### Problem details
From the line containing "Defense Minister Hulusi" through the last line below, copy every line exactly, leaving out the pictures.

### Given data
____

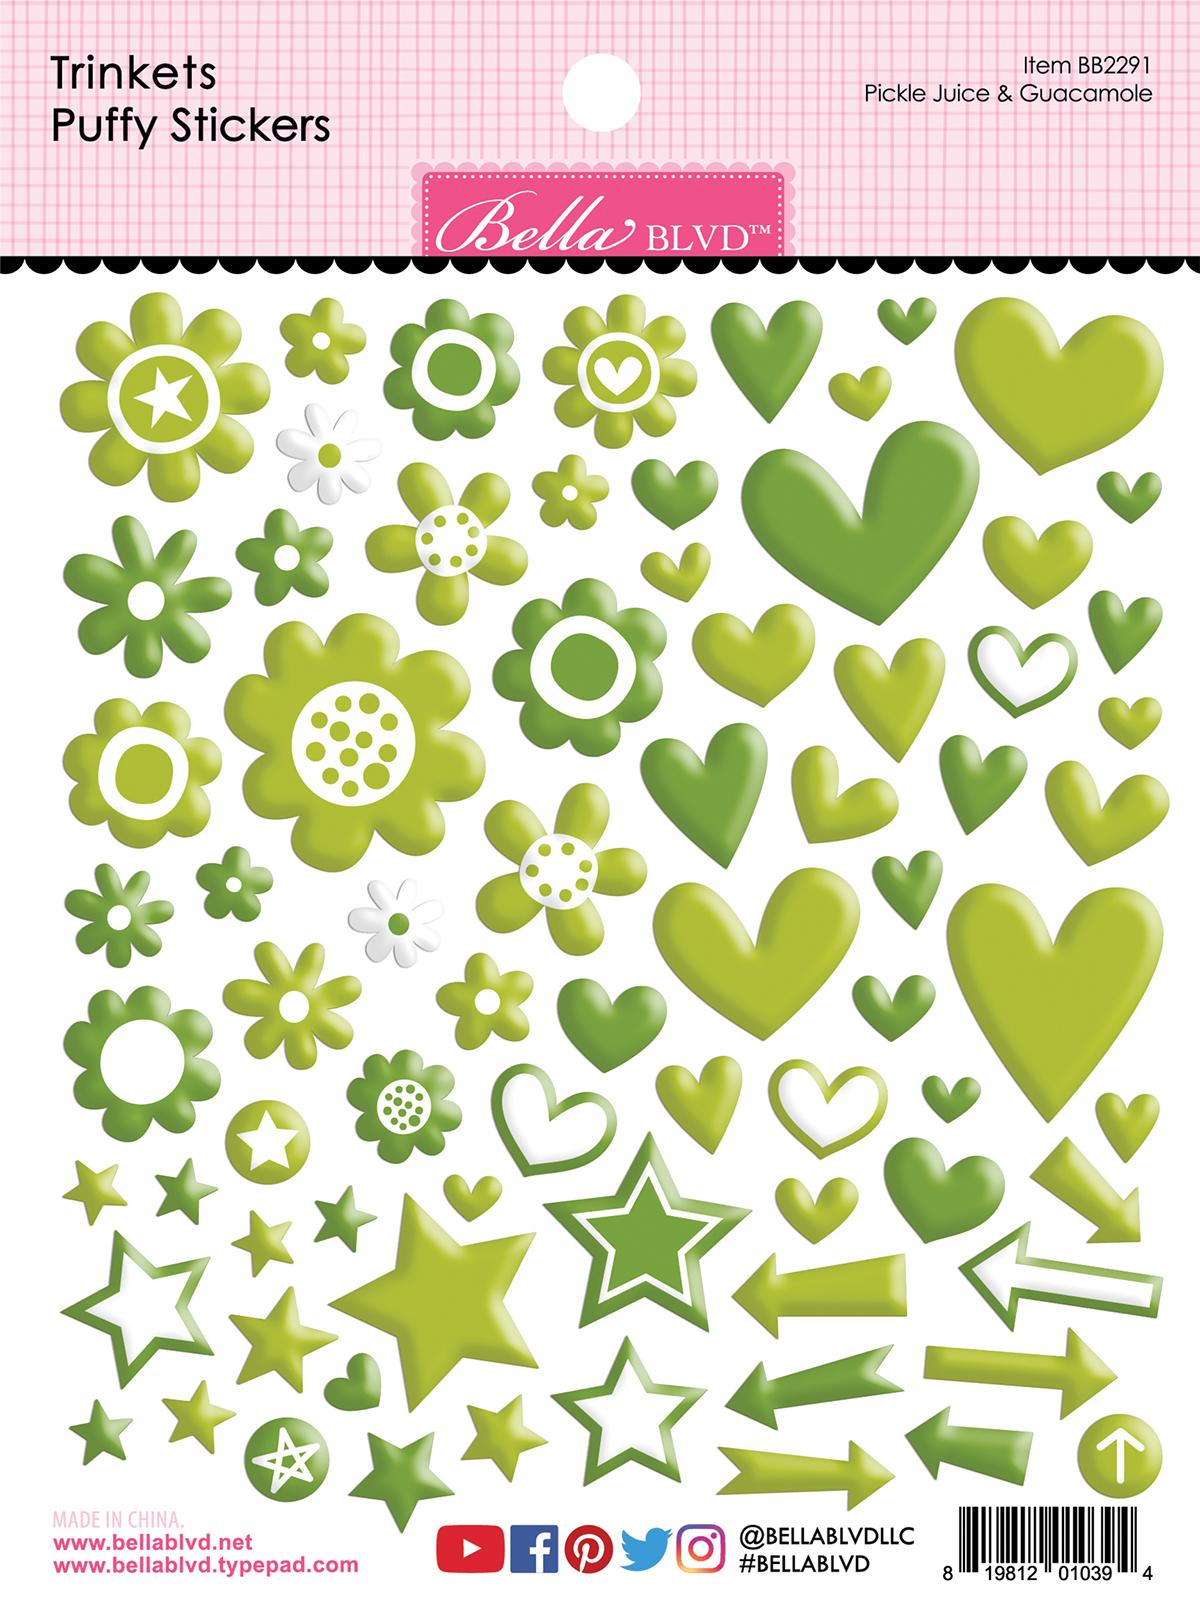 Puffy Stickers, Trinkets - Pickle Juice & Guacamole
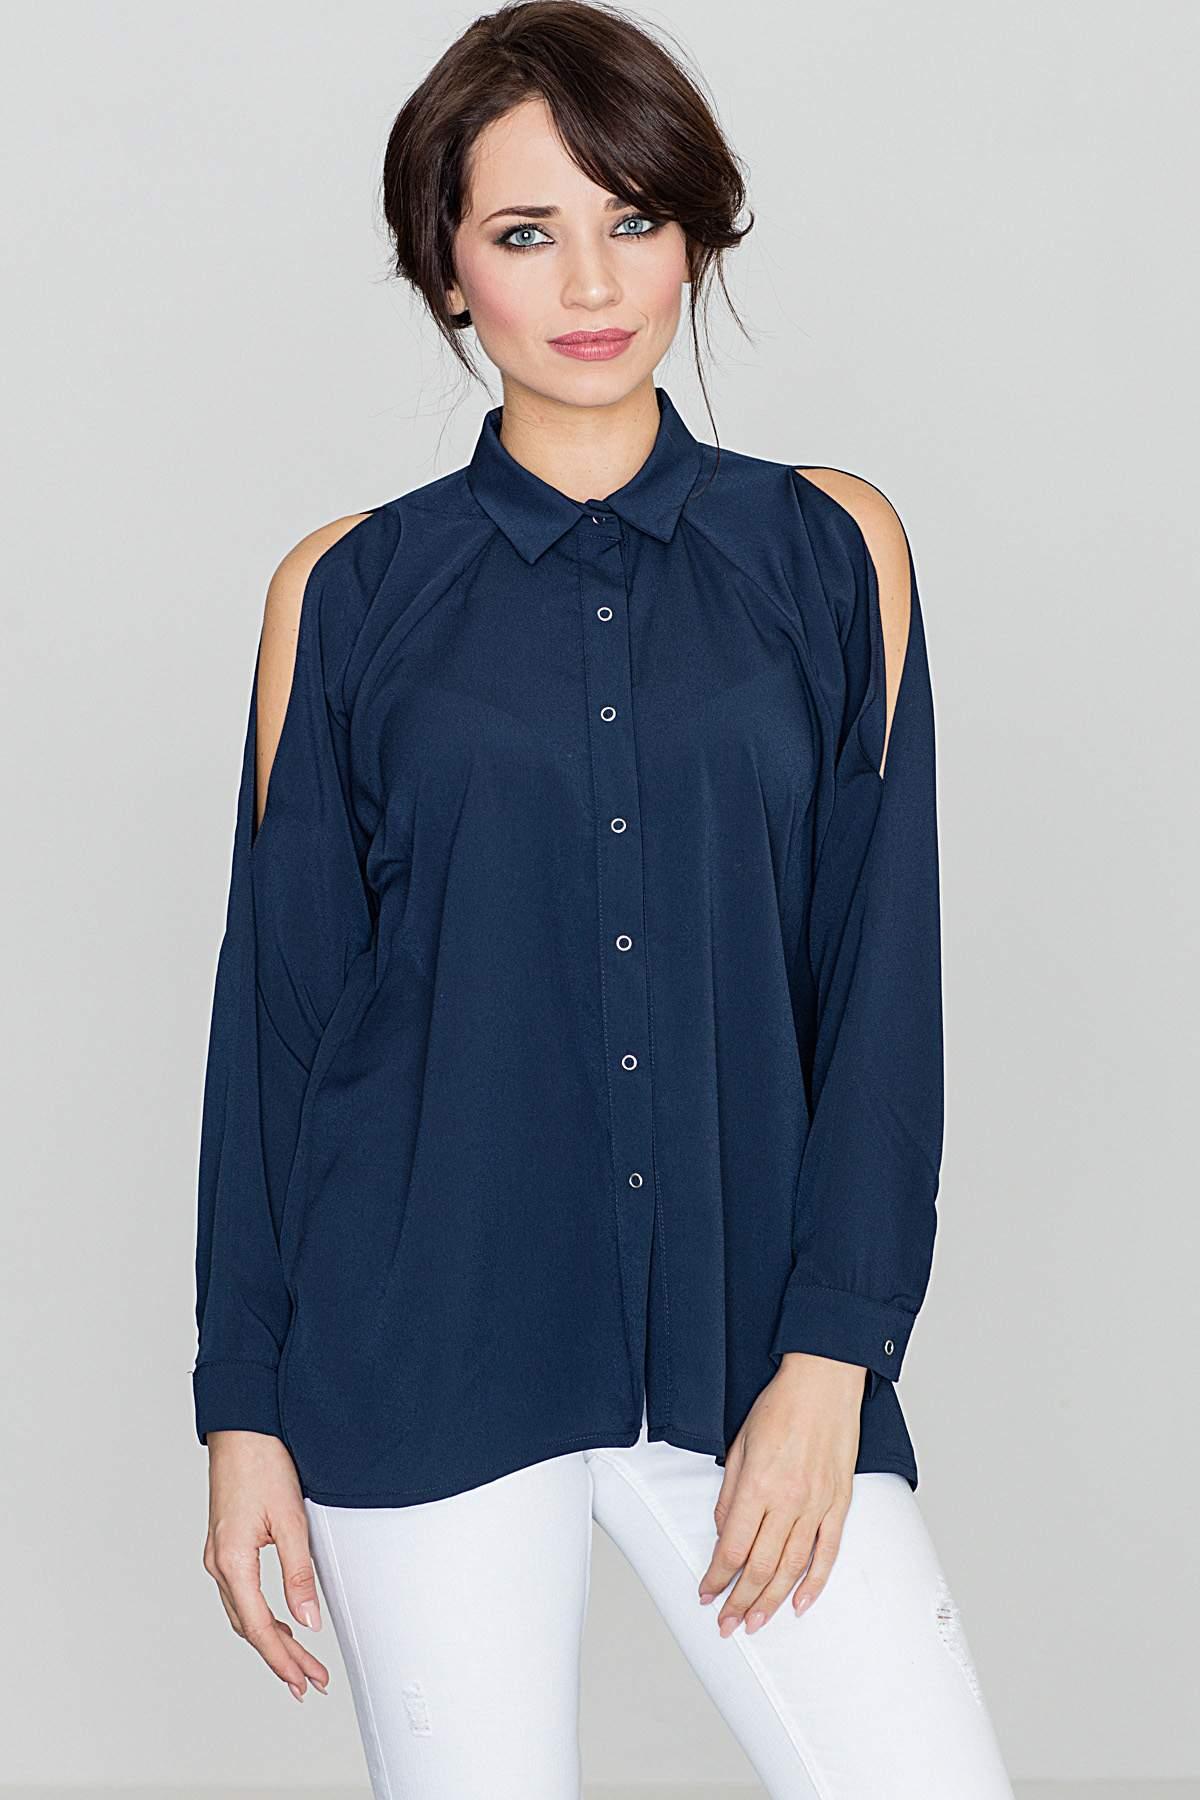 KATRUS γυναικειο εξωμο πουκαμισο
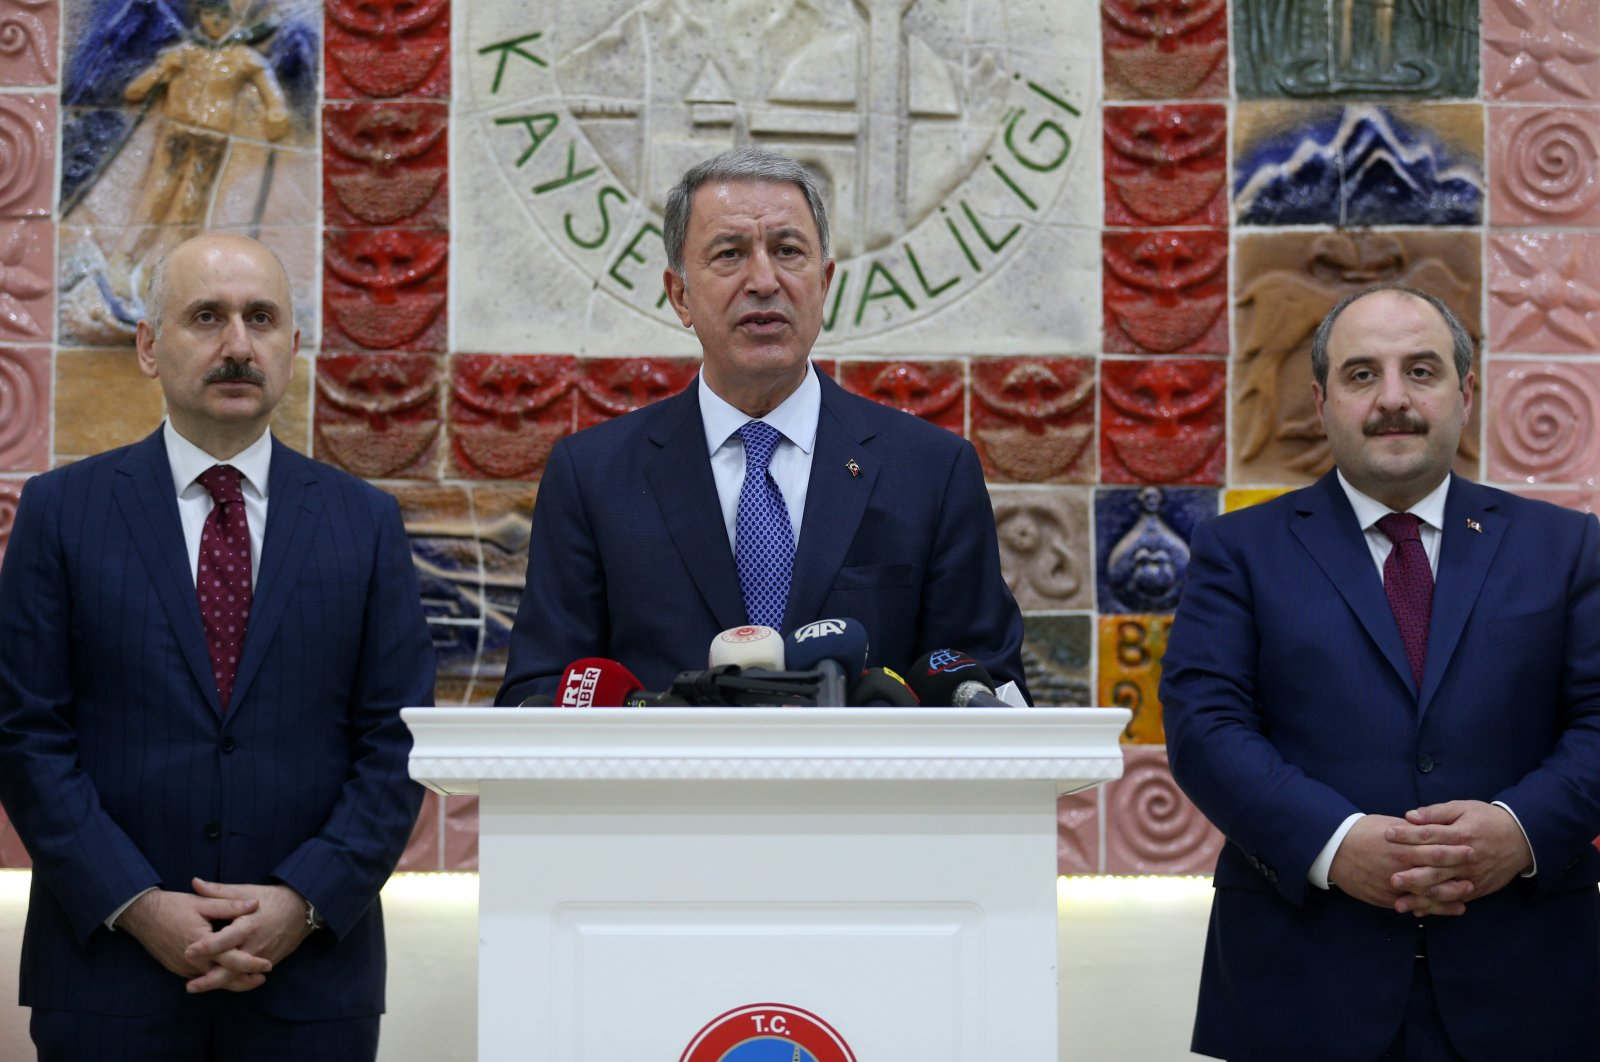 Defense Minister Hulusi Akar (C) speaks at the Kayseri Governor's Office with Industry and Technology Minister Mustafa Varank (R) and Transportation Minister Adil Karaismailoğlu (L), June 25, 2020. (AA Photo)
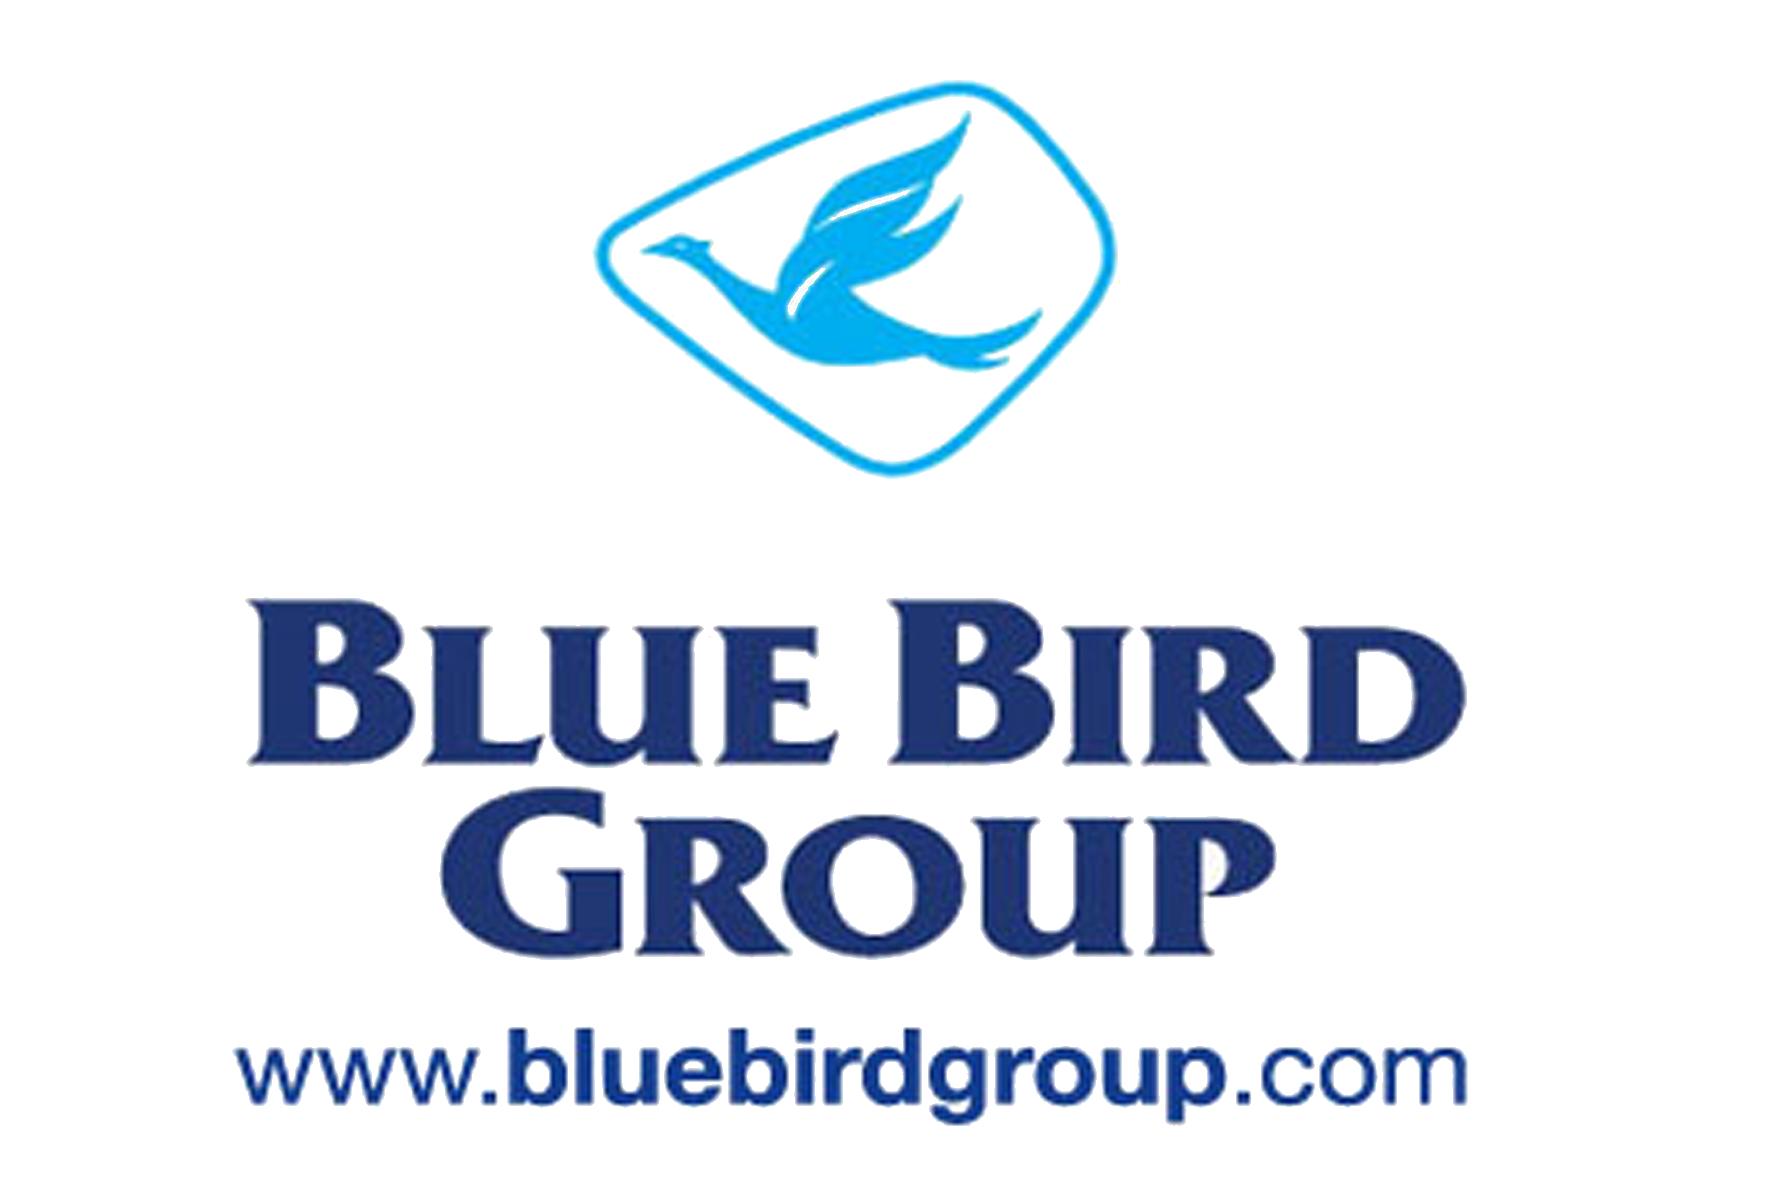 https://ratushima567.files.wordpress.com/2014/02/bluebird-png2.png

____

### Response to the exercise
 Defense Minister Hulusi Akar (C) speaks at the Kayseri Governor's Office with Industry and Technology Minister Mustafa Varank (R) and Transportation Minister Adil Karaismailoğlu (L), June 25, 2020. (AA Photo)
 https://ratushima567.files.wordpress.com/2014/02/bluebird-png2.png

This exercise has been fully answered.